Use the normal approximation and the appropriate R function (look up “wilcox.test”).
Other alternatives for 2 independent samples besides the Rank-sum test for 2 independent samples? (2)
- Permutation/Randomisation tests.
- Welch’s t-test of unequal variances.
When is the Rank-sum test for 2 independent samples ineffective to use? (2)
- When the sample sizes are < 5.
- When there are too many ties (judge at your own discretion).
Therefore, when can we use Permutation/Randomisation tests? (3)
- When sample sizes are small (<5).
- When there are too many ties.
- When the dataset is unbalanced (uneven number of observations in the 2 groups).
Permutation/randomisation tests?
= any test that finds a p-value as the proportion of regroupings - of the observed n1 + n2 numbers into two groups of size n1 + n2 - that lead to test statistics as extreme as the observed one. We can change the test statistic to whatever would be useful for answering the question.
Eg of Permutation/Randomisation test?
Shuttle O-ring failures example.
Shuttle O-ring failures example? (4)
A way to approximate this “permutation distribution”
(i) Randomly rearrange “warm” and “cool” group labels.
(ii) Calculate the rank-sum statistics for the random groups.
(iii) Do this many, many times to generate a sampling distribution for the rank-sum statistic under the null hypothesis of no difference.
(iv) Compare observed rank-sum to the distribution of random differences.
Welch’s t-test attributes? (5)
- Unequal variances must be met.
- Uses separate estimates of the standard deviation instead of a pooled standard deviation.
- Even if populations are normal, the exact sampling distribution is unknown.
- Can be approximated with a t-distribution & Satterthwaite’s approximation for the degrees of freedom.
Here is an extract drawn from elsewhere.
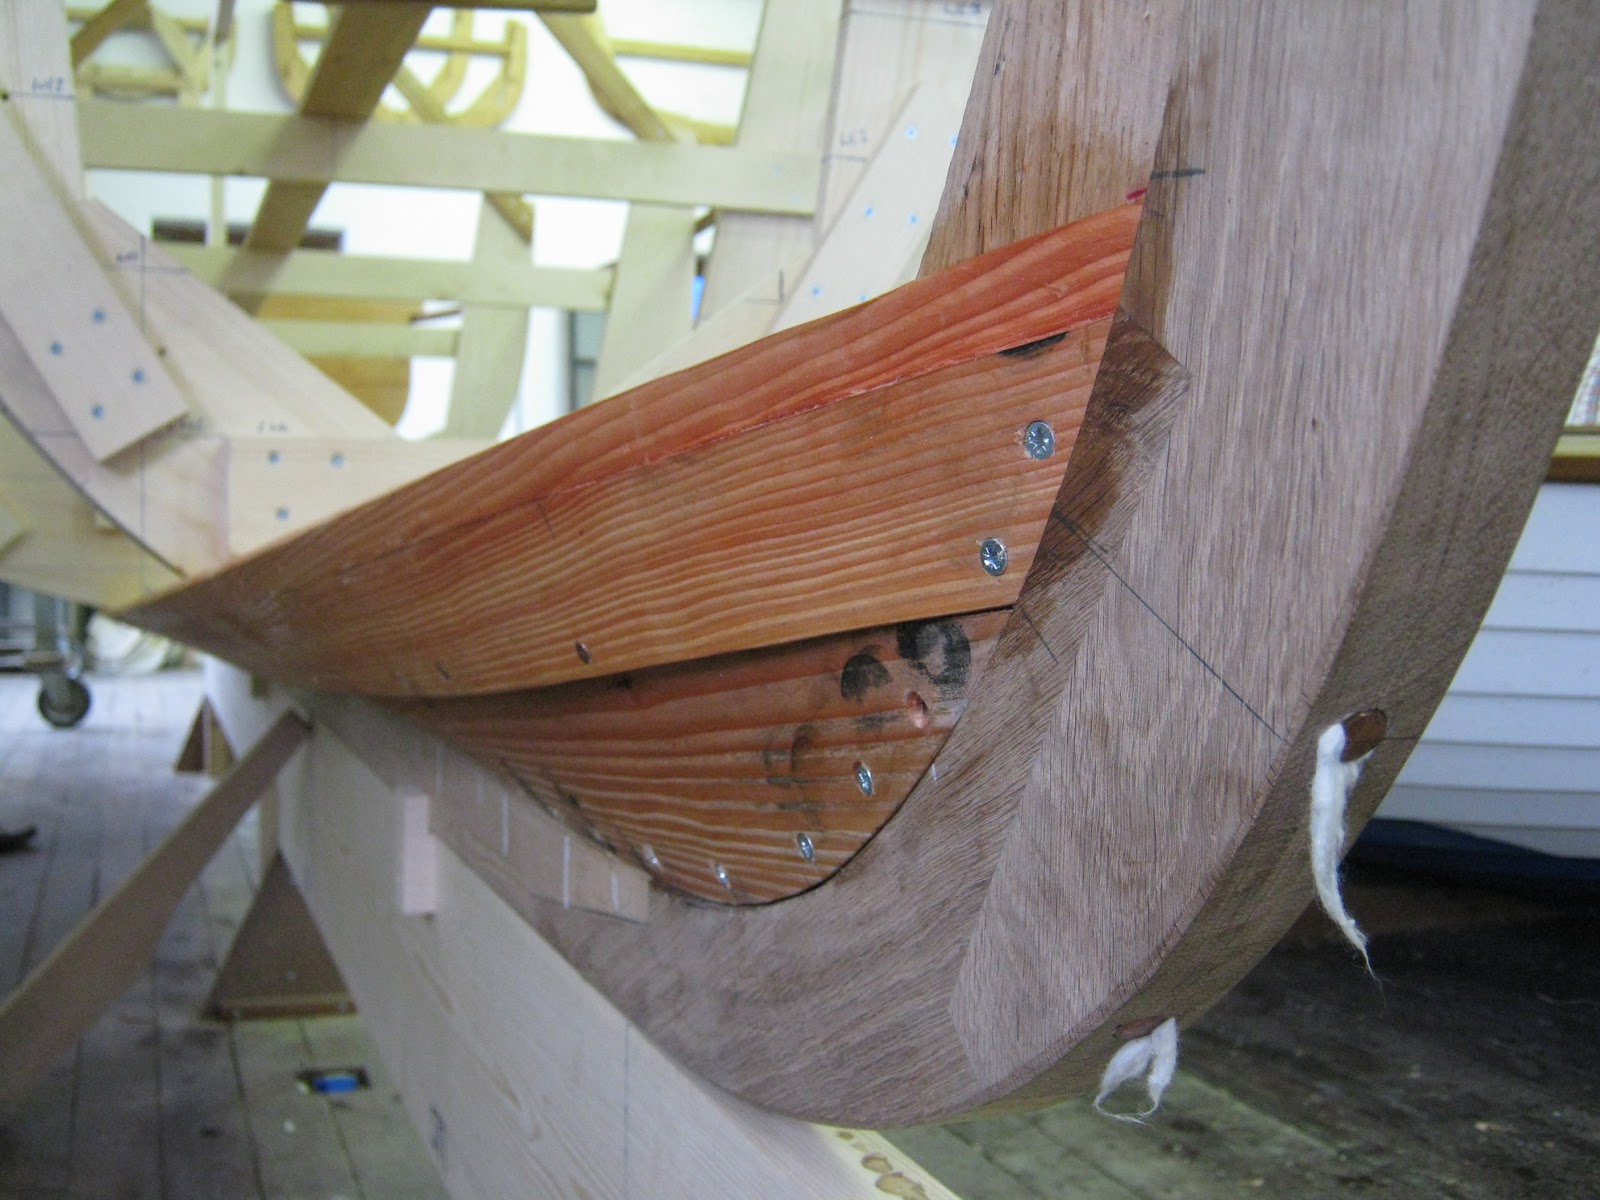 Traditional Boatbuilding Skills

- Works about the same as a standard t-test.
NB for Welch’s t-test?
Differences in the variance between populations might be just as important as differences in the mean (there may be interesting reasons for the difference).
- Two distribution graphs: one with a wide body length & another with a narrow body length.
Signed-rank test for paired samples?
= the rank-based alternative to the paired t-test.
Signed-rank test for paired samples attributes? (2)
- Takes pairs of values, calculates the differences between them & converts the differences to pluses & minuses.
- Eliminates the effect of outliers.
Signed-rank test for paired samples steps? (4)
(i) Compute differences between pairs.
(ii) Drop zeros (reduce n).
(iii) Order the absolute differences from small to large.
(iv) Sum the ranks for the positive differences (S).
Calculations for the p-value using the normal approximation of the Signed-rank test for paired samples? (3)
- mean (S) = [n(n+1)] / 4
- SD (S) = √ [n(n+1)(2n+1)] / 24
- z = [S - mean (S)] / SD (S)
- Use z distribution to get p-values.
Eg of Signed-rank test for paired samples?
Schizophrenia example.
Schizophrenia example? (10)
(i) Compute the difference between each pair (column “Diff”).
(ii) Drop zeros from the list (no zeros in this example).
(iii) Order the absolute differences from smallest to largest and assign them their ranks
1. . . n (or average rank for ties) (column “Rank.diff”).
(iv) The signed-rank statistic (S) is the sum of the ranks from the pairs for which the difference is positive.
S = 1.0 + … + 8.0 + 9.5 + 11.0 + … + 15.0 = 110.5.
(v) mean (S) = [15(15 - 1)] / 4 = 60.
(vi) SD (S) = √ [15(15+1)(2(15)+1)] / 24 = 17.61.
(vii) z = [110.5 - 60] / 17.61 = 2.87.
(viii) 1-sided p from z distribution: p = 0.002.
(ix) Conclusion: Convincing evidence …
(x) Scope of inference.
NB for Signed-rank test for paired samples? (2)
- The less ties we have, the less informative the analysis.
- Don’t take the negative (-) into account when ranking the differences.
Practical/Biological significance VS Statistical significance? (5)
- As n increases, t-ratio increases & p-value decreases.
- No matter how small or large an estimated value is, a very large sample will produce a p-value suggesting “strong evidence”.
- In observational studies ask: “What is an important effect/difference to detect?” & “Have we detected that effect?”.
- We can’t answer these questions with p-values & tests of statistical hypotheses.
- Instead we use estimates & 95% CIs.